If you have a Hopper GPU or better, we recommend you use mxfp4 for the reasons explained above. If you can additionally use Flash Attention 3, then by all means do enable it!

[!TIP] If your GPU is not compatible with mxfp4, then we recommend you use MegaBlocks MoE kernels for a nice speed bump. To do so, you just need to adjust your inference code like this:

:::diff
from transformers import AutoModelForCausalLM, AutoTokenizer

model_id = "openai/gpt-oss-20b"

tokenizer = AutoTokenizer.from_pretrained(model_id)
model = AutoModelForCausalLM.from_pretrained(
    model_id,
    device_map="auto",
    torch_dtype="auto",
+    # Optimize MoE layers with downloadable MegaBlocksMoeMLP
+    use_kernels=True,
)

messages = [
    {"role": "user", "content": "How many rs are in the word 'strawberry'?"},
]

inputs = tokenizer.apply_chat_template(
    messages,
    add_generation_prompt=True,
    tokenize=True,
    return_tensors="pt",
    return_dict=True,
).to(model.device)

generated = model.generate(**inputs, max_new_tokens=100)
print(tokenizer.decode(generated[0][inputs["input_ids"].shape[-1]:]))

[!TIP] MegaBlocks optimized MoE kernels require the model to run on bfloat16, so memory consumption will be higher than running on mxfp4. We recommend you use mxfp4 if you can, otherwise opt in to MegaBlocks via use_kernels=True.

transformers serve

You can use transformers serve to experiment locally with the models, without any other dependencies. You can launch the server with just: transformers serve

To which you can send requests using the Responses API.

# responses API
curl -X POST http://localhost:8000/v1/responses \
-H "Content-Type: application/json" \
-d '{"input": [{"role": "system", "content": "hello"}], "temperature": 1.0, "stream": true, "model": "openai/gpt-oss-120b"}'

You can also send requests using the standard Completions API:

# completions API
curl -X POST http://localhost:8000/v1/chat/completions \
-H "Content-Type: application/json" \
-d '{"messages": [{"role": "system", "content": "hello"}], "temperature": 1.0, "max_tokens": 1000, "stream": true, "model": "openai/gpt-oss-120b"}'

Command A Vision

image

Command A Vision is a state-of-the-art multimodal model designed to seamlessly integrate visual and textual information for a wide range of applications.

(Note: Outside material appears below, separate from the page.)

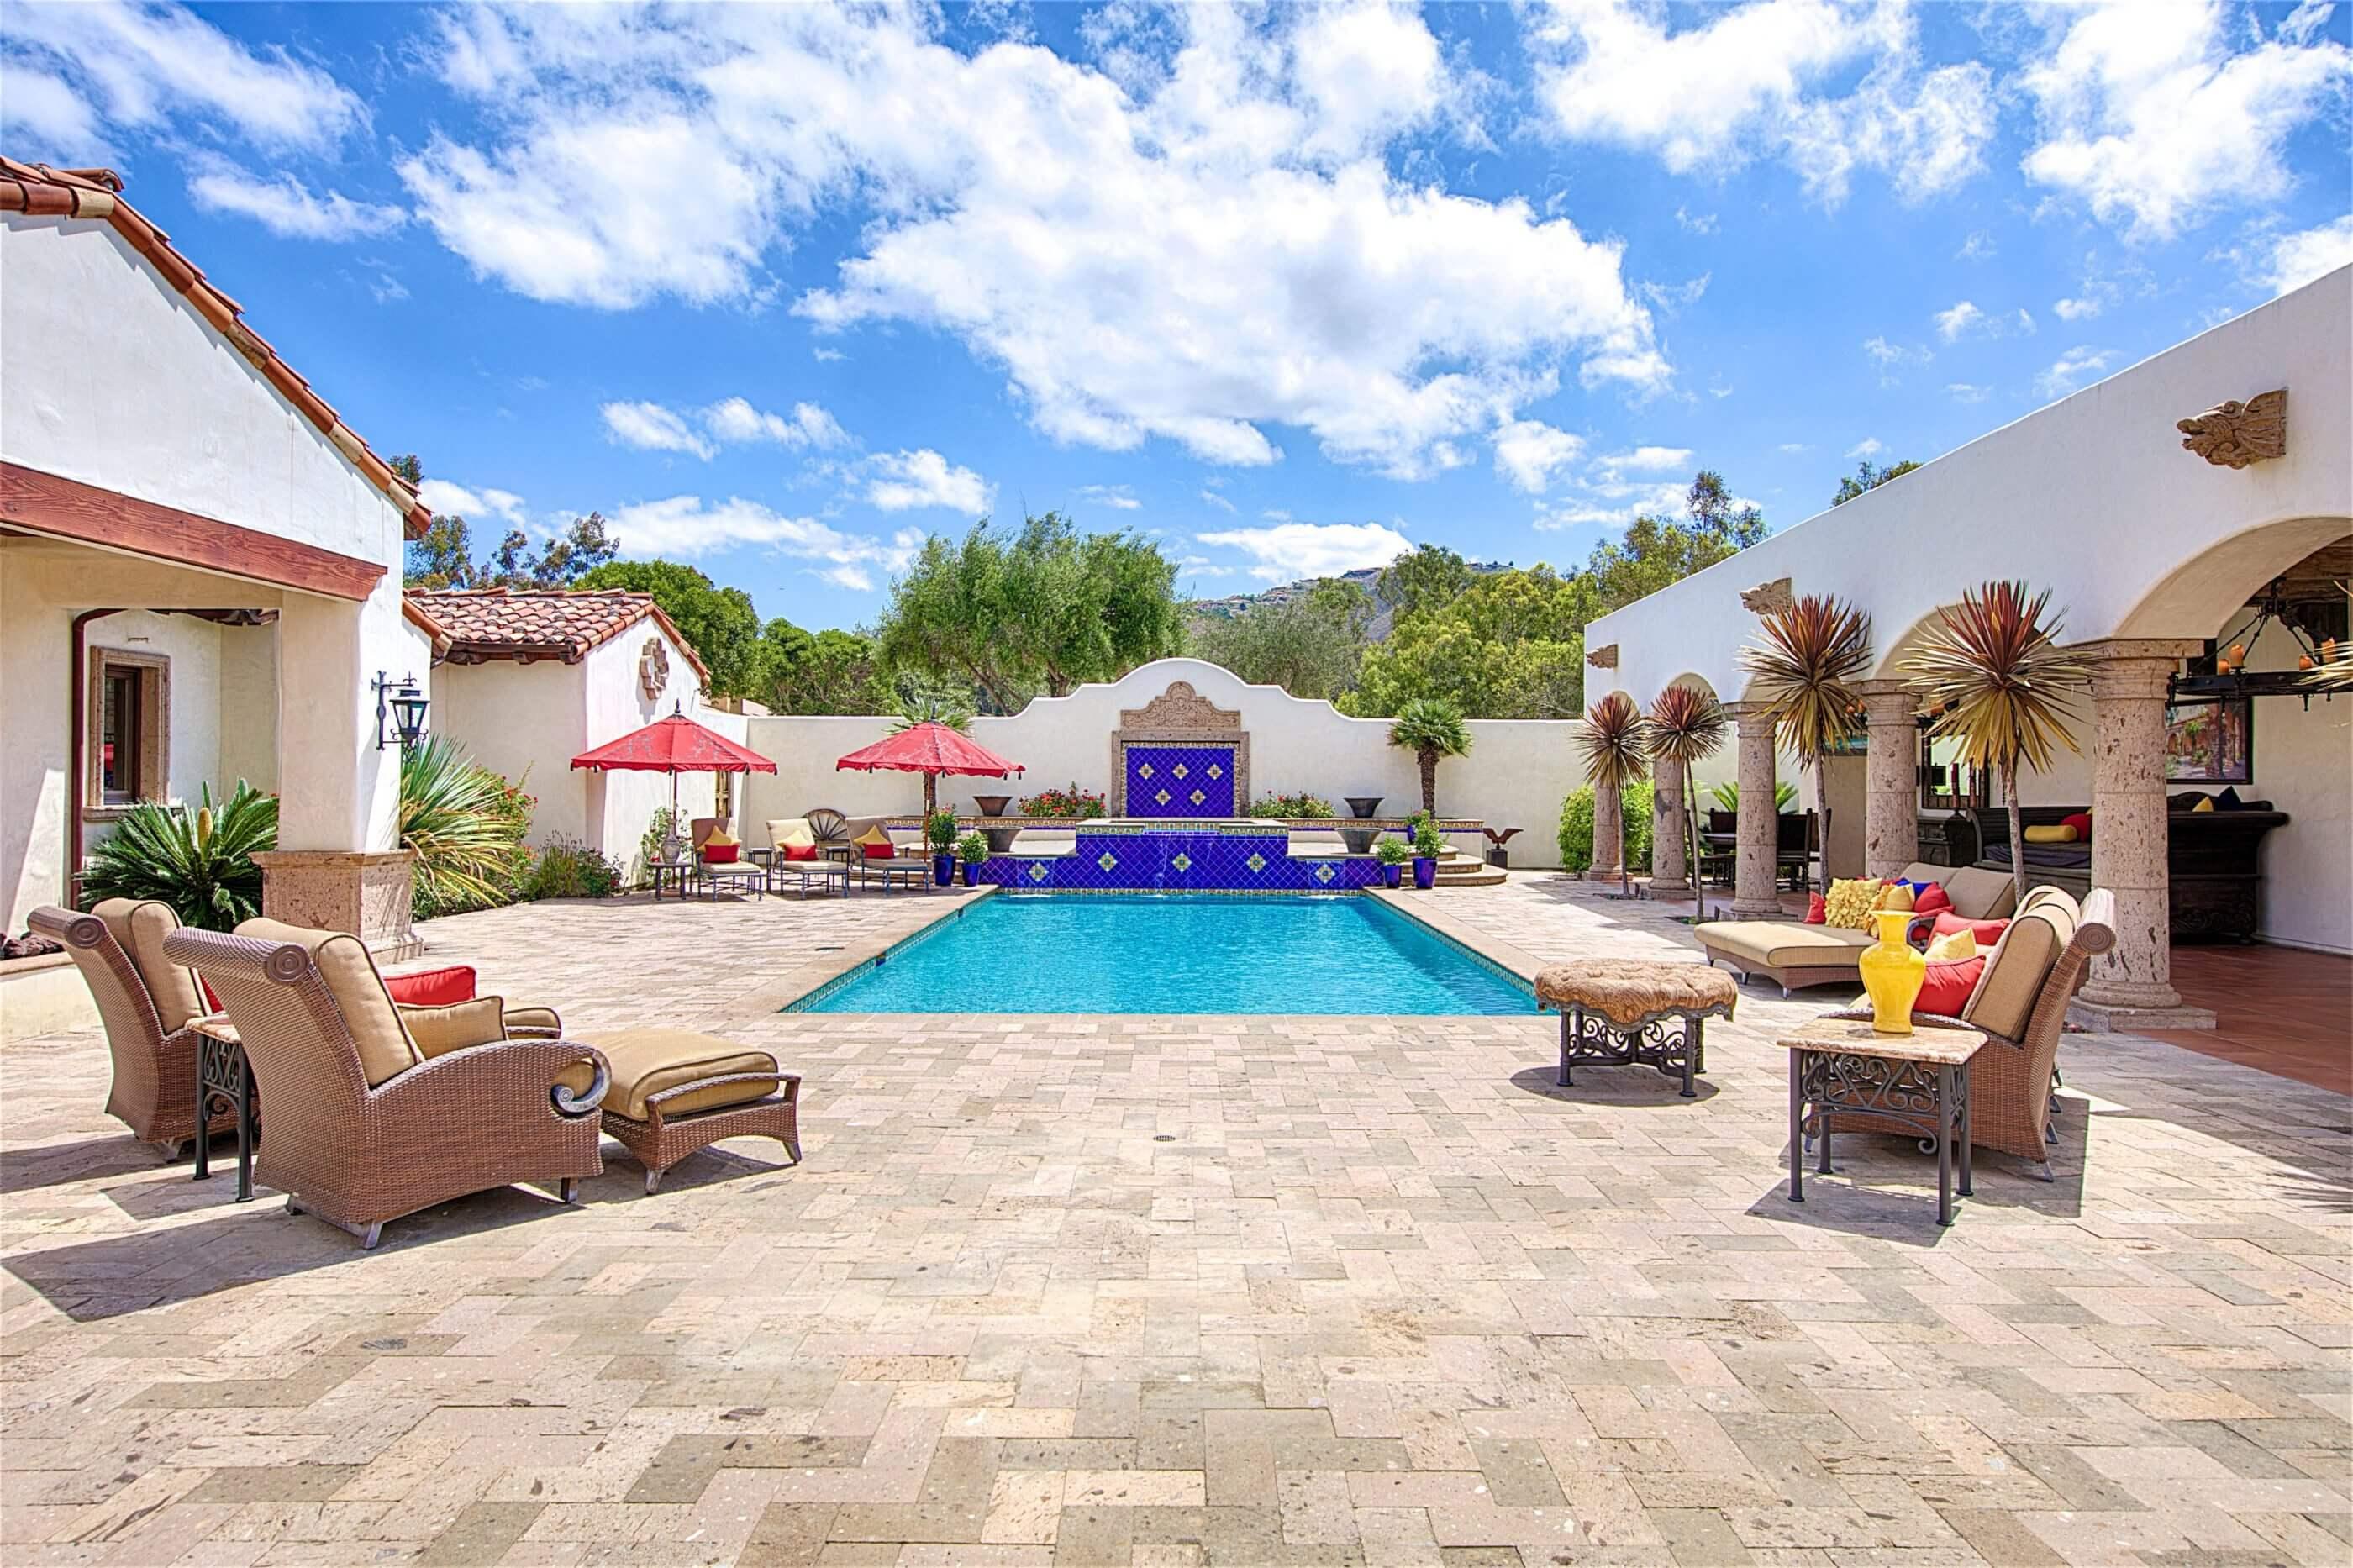 $7million Rancho Santa Fe, California – No Annual Fees

By combining advanced computer vision techniques with natural language processing capabilities, Command A Vision enables users to analyze, understand, and generate insights from both visual and textual data.

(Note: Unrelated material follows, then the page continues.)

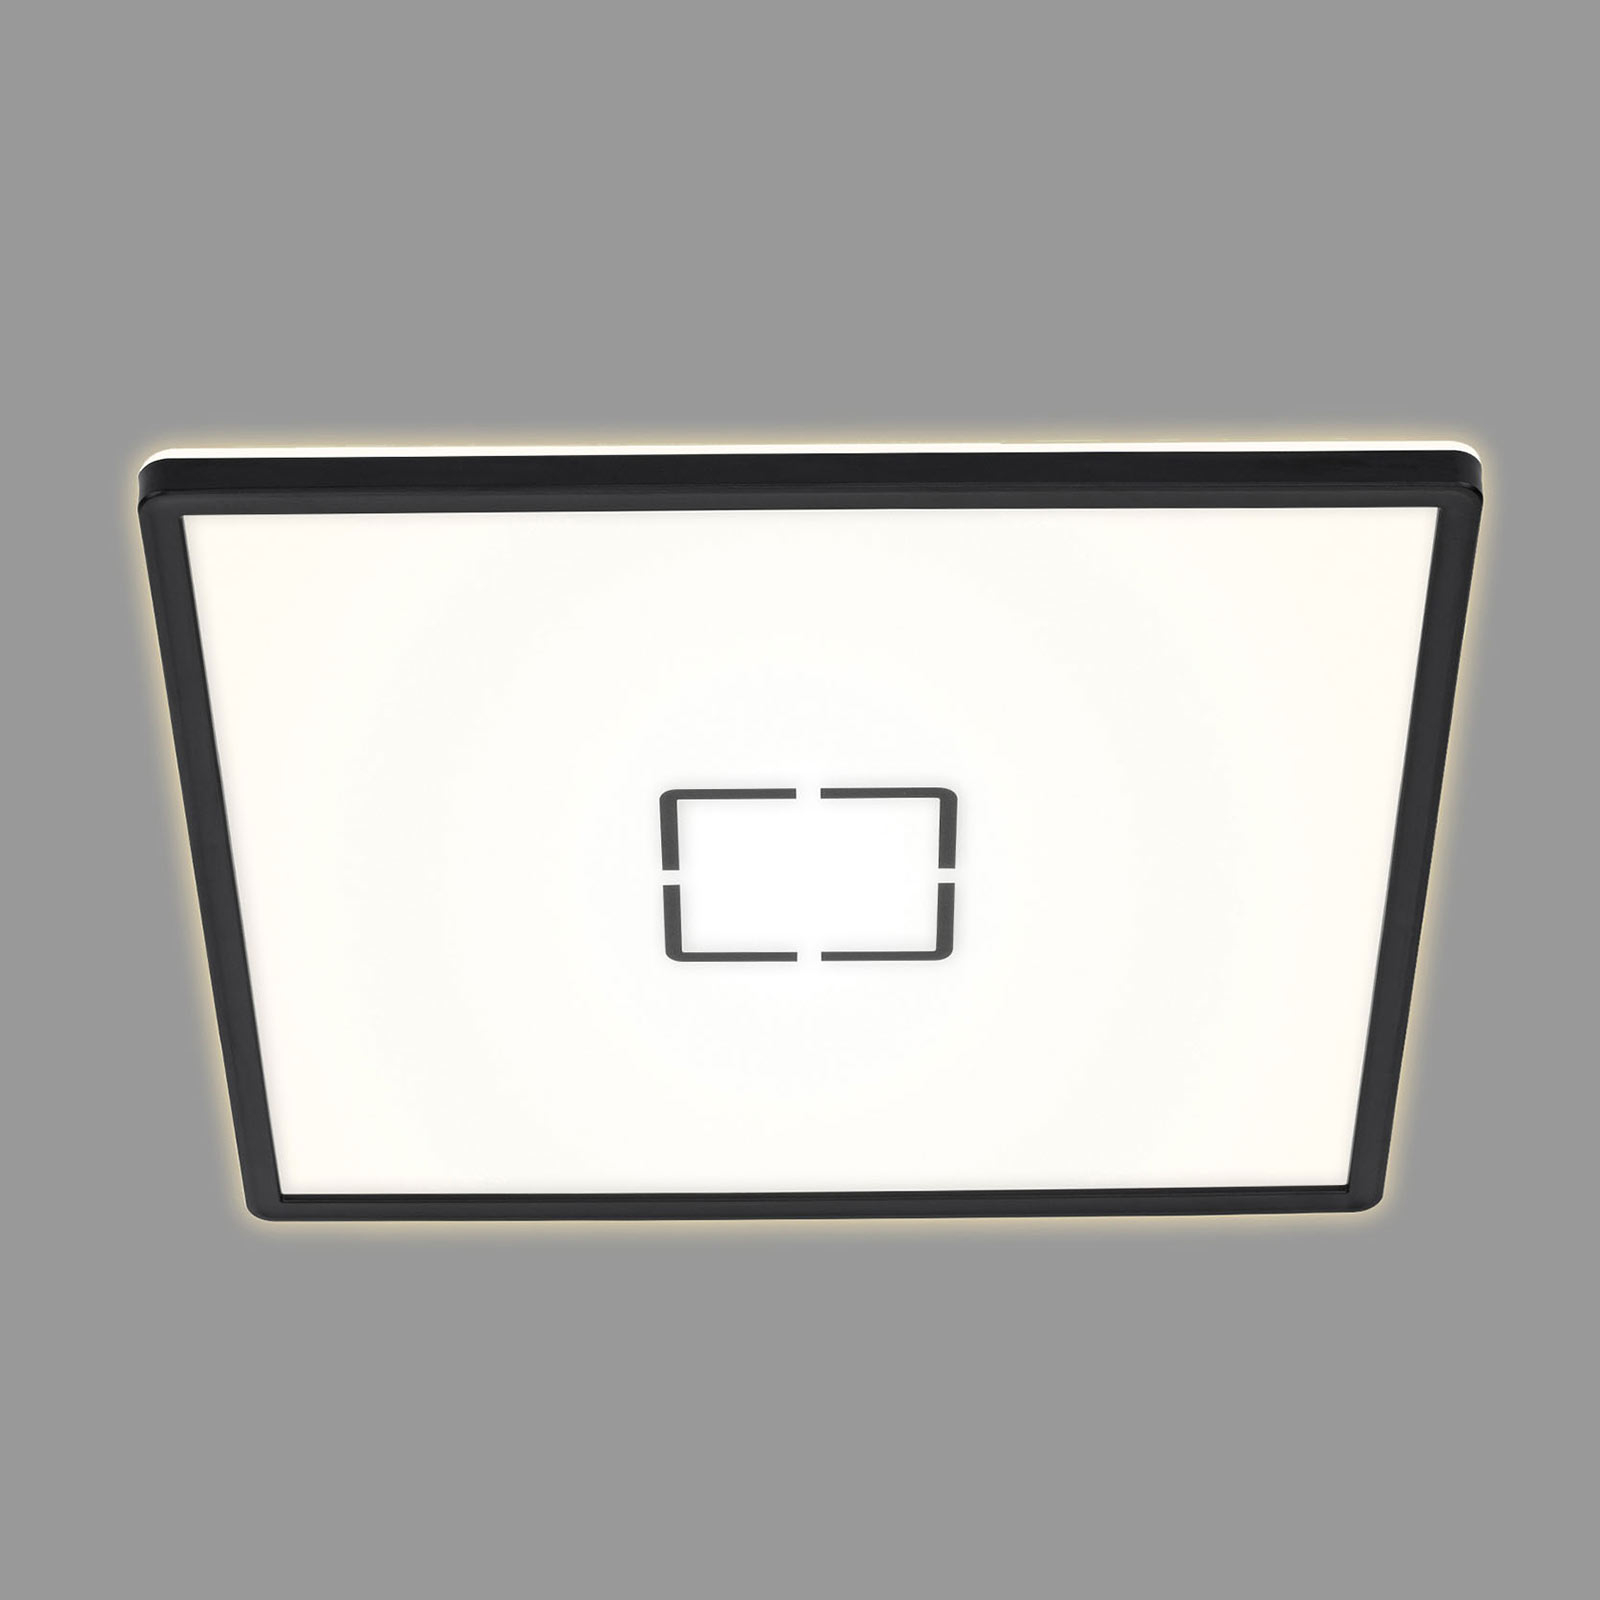 Lampa sufitowa LED Free, 42 x 42 cm, czarna

The model excels at tasks including image captioning, visual question answering, document understanding, and chart understanding. This makes it a versatile tool for AI practitioners. Its ability to process complex visual and textual inputs makes it useful in settings where text-only representations are imprecise or unavailable, like real-world image understanding and graphics-heavy document processing.

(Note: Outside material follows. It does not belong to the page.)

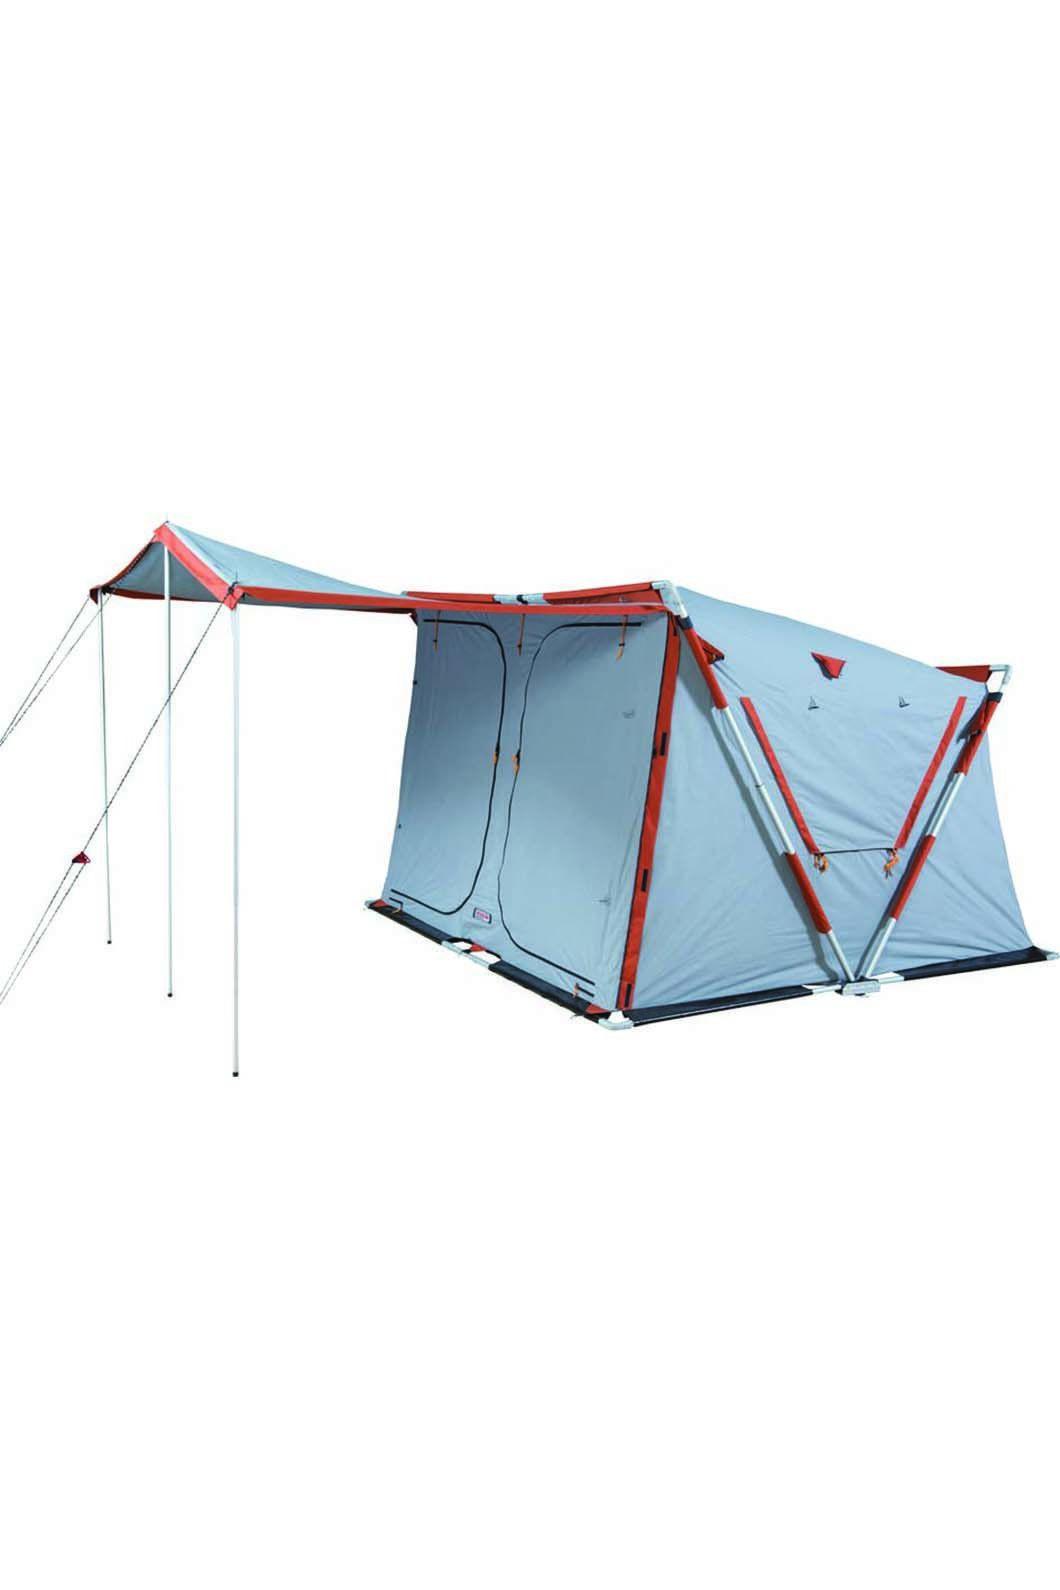 Explore Planet Earth Speedy Earth 6 Person Instant Tent, None, hi-res

Command A Vision is built upon a robust architecture that leverages the latest advancements in VLMs. It's highly performant and efficient, even when dealing with large-scale datasets. The model's flexibility makes it suitable for a wide range of use cases, from content moderation and image search to medical imaging analysis and robotics.

  • [Model] Cohere2 Vision by @zucchini-nlp in [#39810]

MM Grounding DINO

image

MM Grounding DINO model was proposed in An Open and Comprehensive Pipeline for Unified Object Grounding and Detection by Xiangyu Zhao, Yicheng Chen, Shilin Xu, Xiangtai Li, Xinjiang Wang, Yining Li, Haian Huang>.

MM Grounding DINO improves upon the Grounding DINO by improving the contrastive class head and removing the parameter sharing in the decoder, improving zero-shot detection performance on both COCO (50.6(+2.2) AP) and LVIS (31.9(+11.8) val AP and 41.4(+12.6) minival AP).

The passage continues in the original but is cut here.